→ EXERCISE DESCRIPTION
Exact transcription of the data below is required, without the images.
(Beginning of INFORMATION SHOWN)
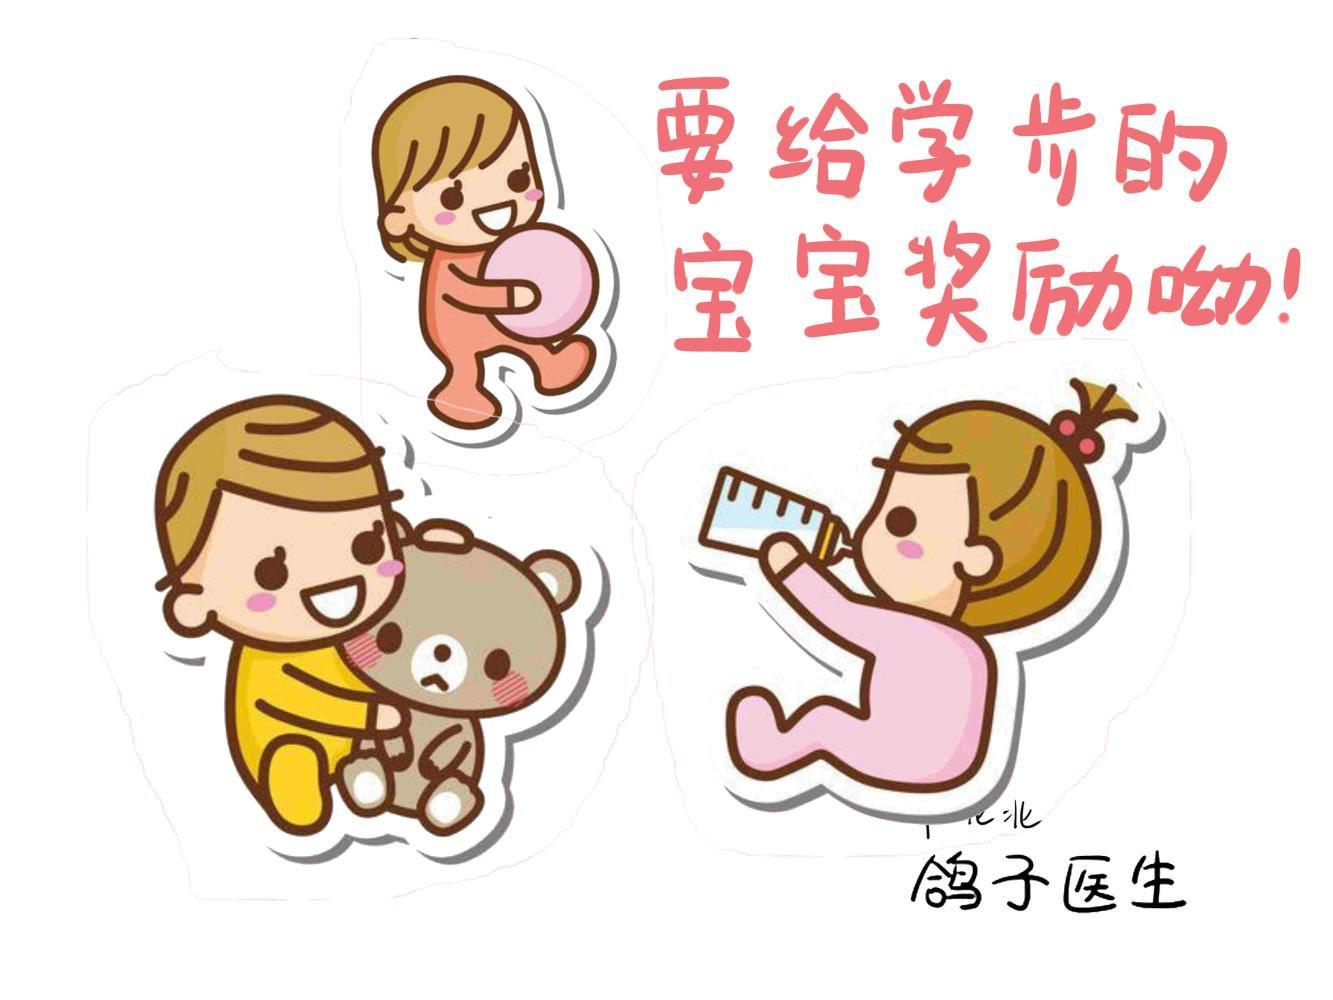 宝宝抓狂崩溃图片可爱
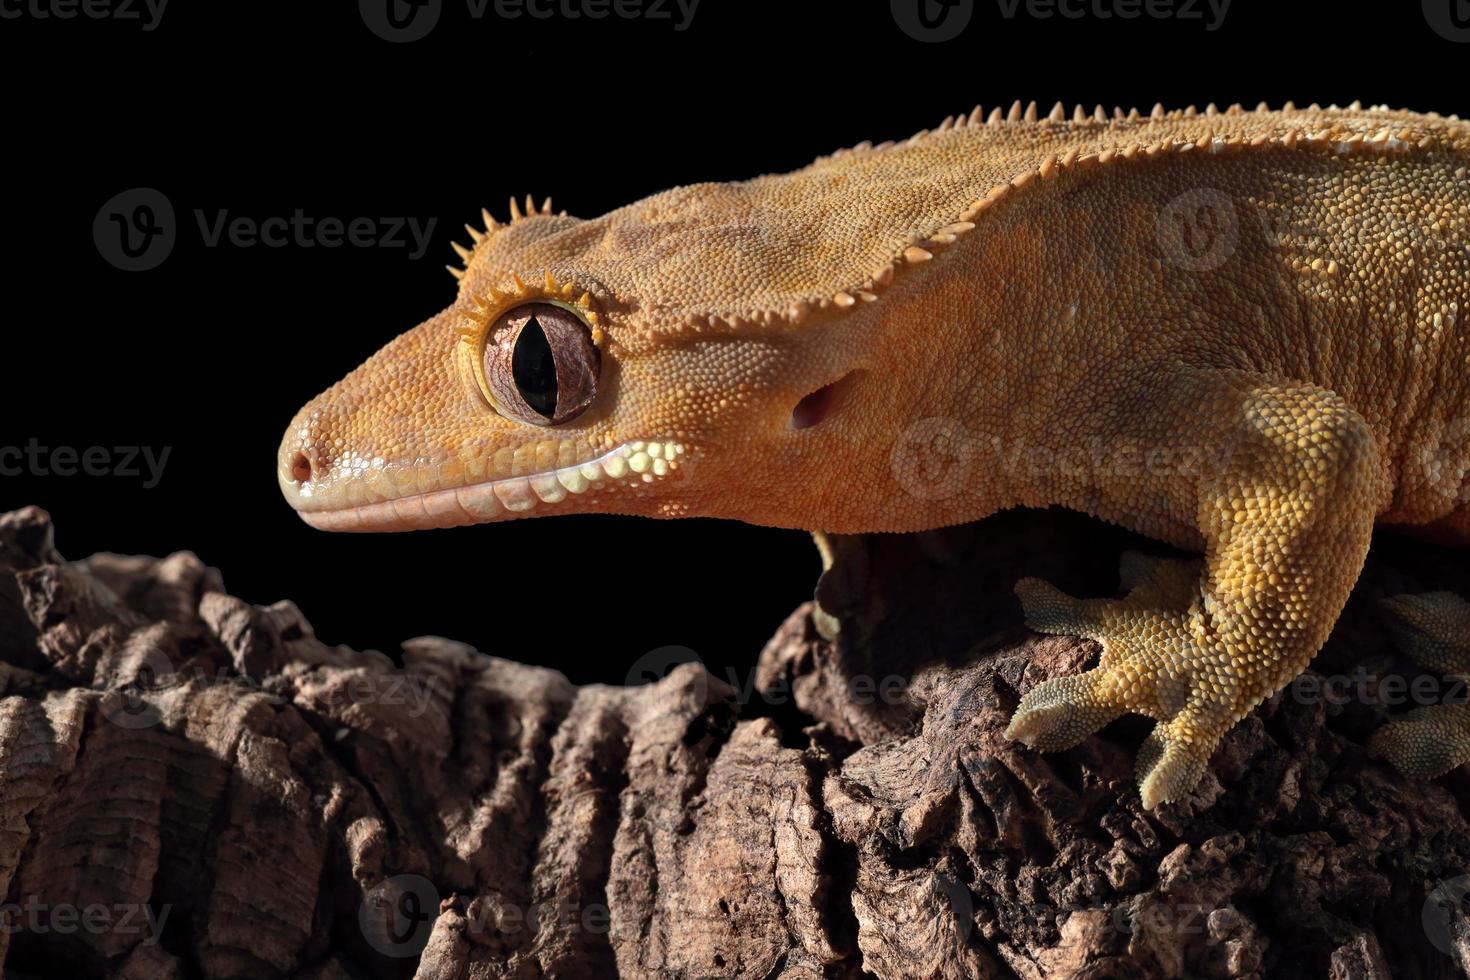 lagartixa com crista da Caledônia em um galho foto
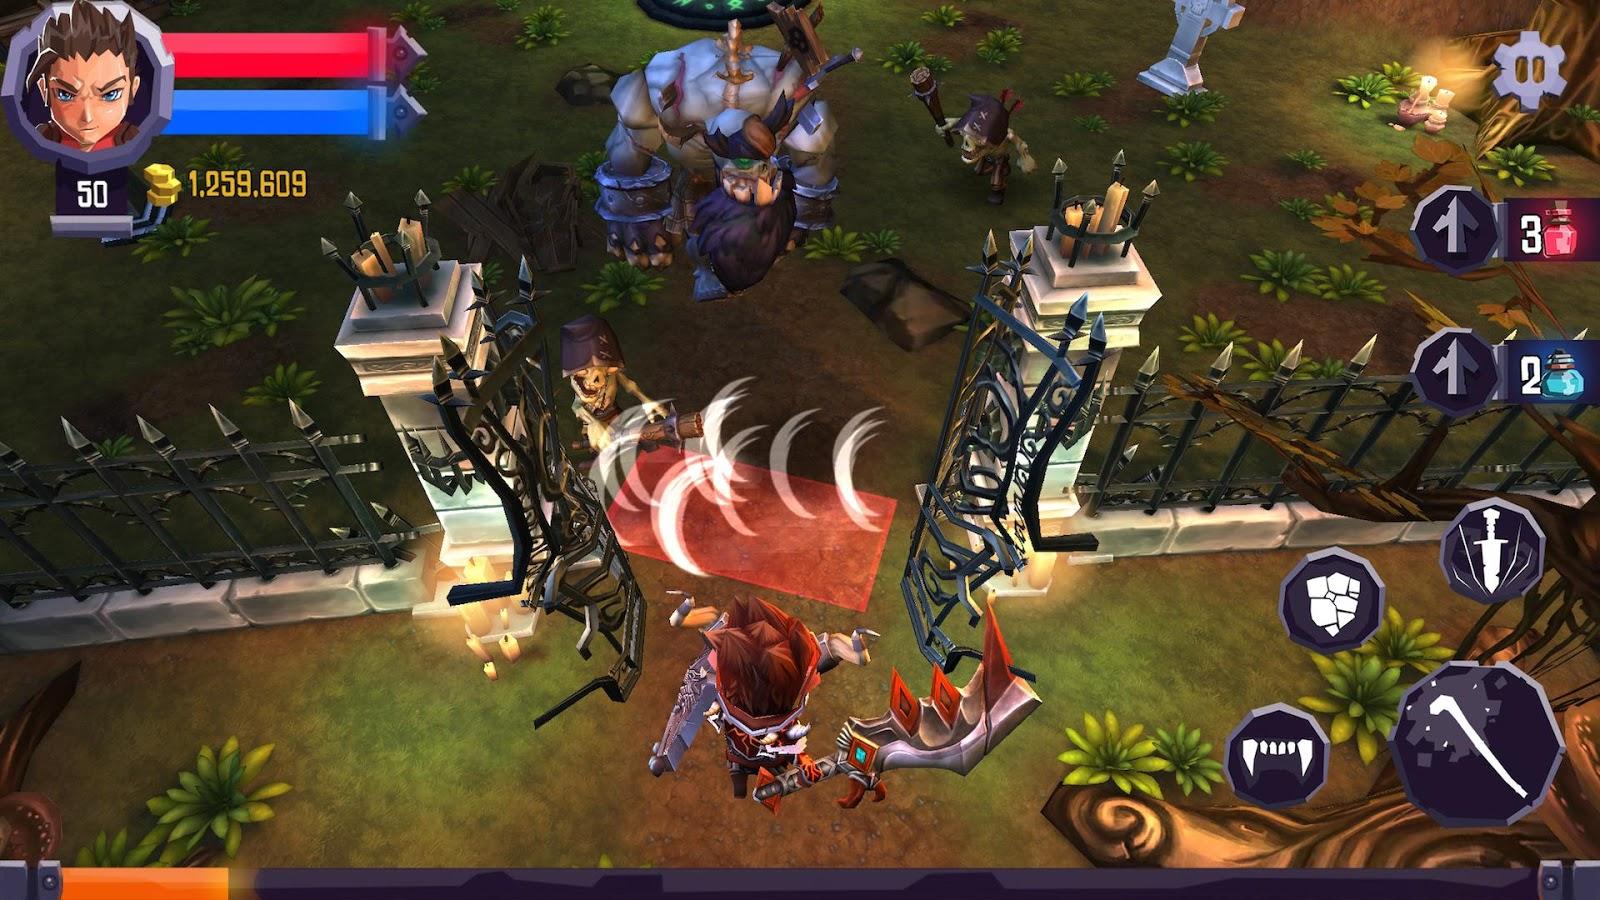 Download game rpg android mod apk offline
(End of INFORMATION SHOWN)
→ REPLY
 宝宝抓狂崩溃图片可爱
 lagartixa com crista da Caledônia em um galho foto
 Download game rpg android mod apk offline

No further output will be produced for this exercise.